The only thing from Apple that is worth buying is its stock shares. When I see people using their overpriced, inferior products I laugh all the way to the bank.
I strongly disagree. In the beginning Apple was much better. Then when they pushed Steve Jobs out it became an inferior product. HOWEVER, since he took over the company the second time the product has never disappointed me. My only real grief is that I didn't have the money to buy the stock when it was at it's lowest. The quality and the service beat any other computer out there. And, most importantly they are the only company that managed to beat Microsoft back into it's cage. The decline has started again since Steve Jobs died because the company is loosing the very focus he talked about in this video. More importantly the quality is sliding because once again Microsoft is implanted in the machine.

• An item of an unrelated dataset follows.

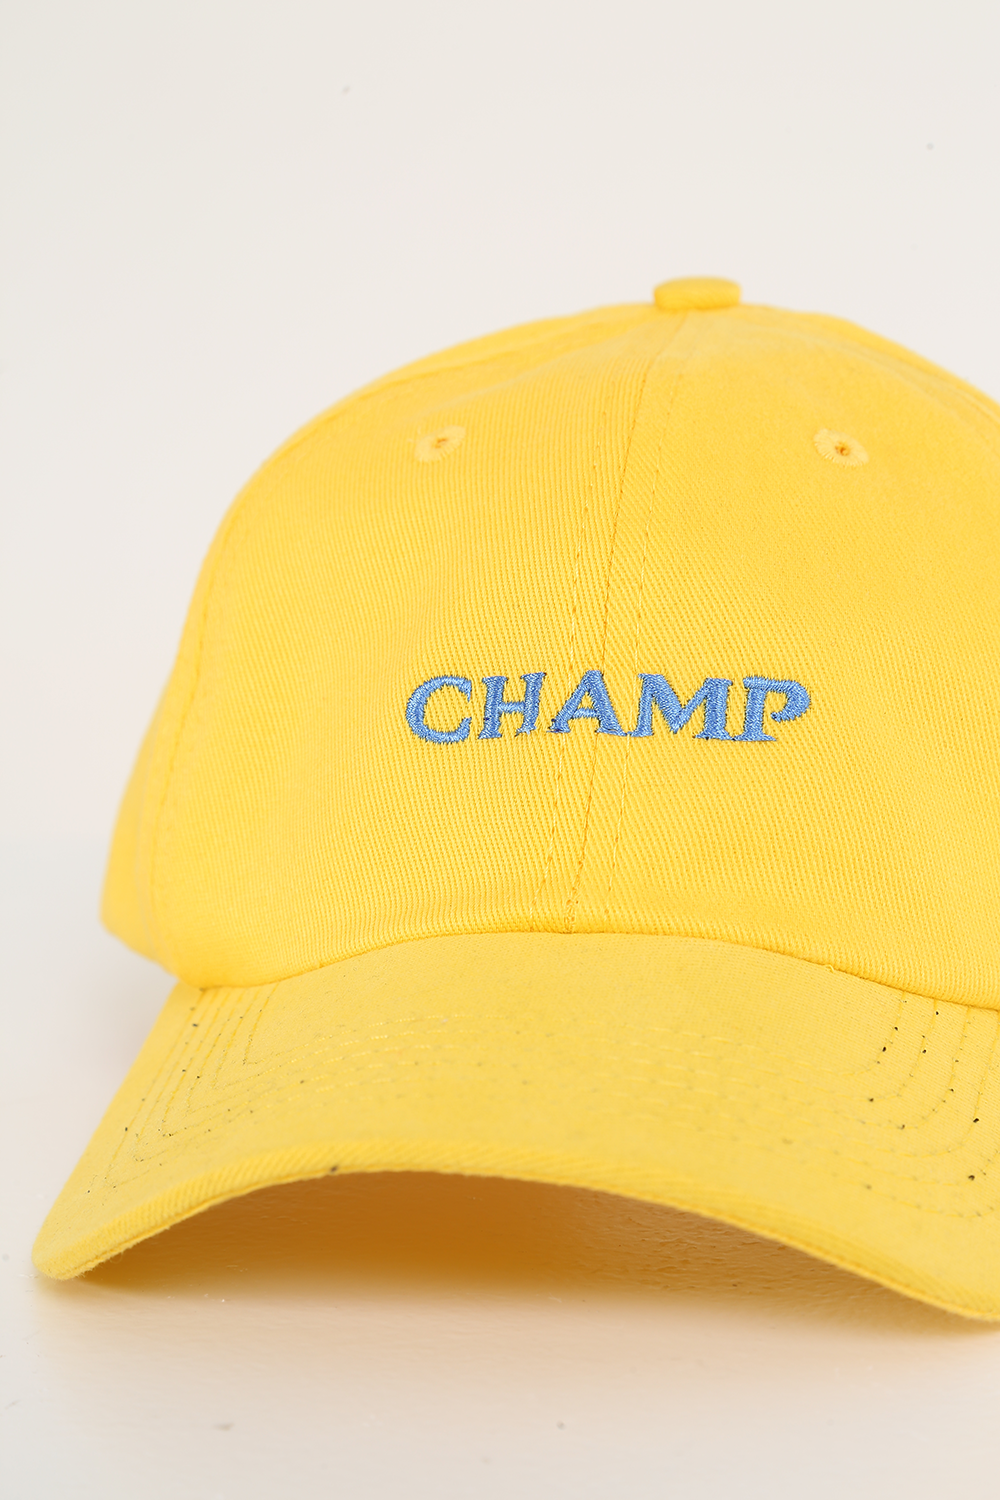 CHAMP ALL MOST VINTAGE CAP

I strongly disagree unless you mean the prior to Mac line by "in the beginning". Even then the Apple II was well behind Commodore and Atari (among others). You can forgive that since it came out shortly before those two, but Apple did not keep up either. When the IIe came out it was a year after the Commodore 64 and still didn't have color graphics or anything more sophisticated than a PC speaker for sound. It wasn't until the IIgs came out in 1986 that Apple finally had something comparable (though still a year behind and inferior to the Amiga) than the competition with color graphics, real sound chip, a full GUI interface, and fully backwards compatible with the II series. But Jobs let that far superior and cheaper machine die on the vine in favor of his over-priced, black and white, under-powered, PC-speaker, and hard-to-upgrade Macintosh.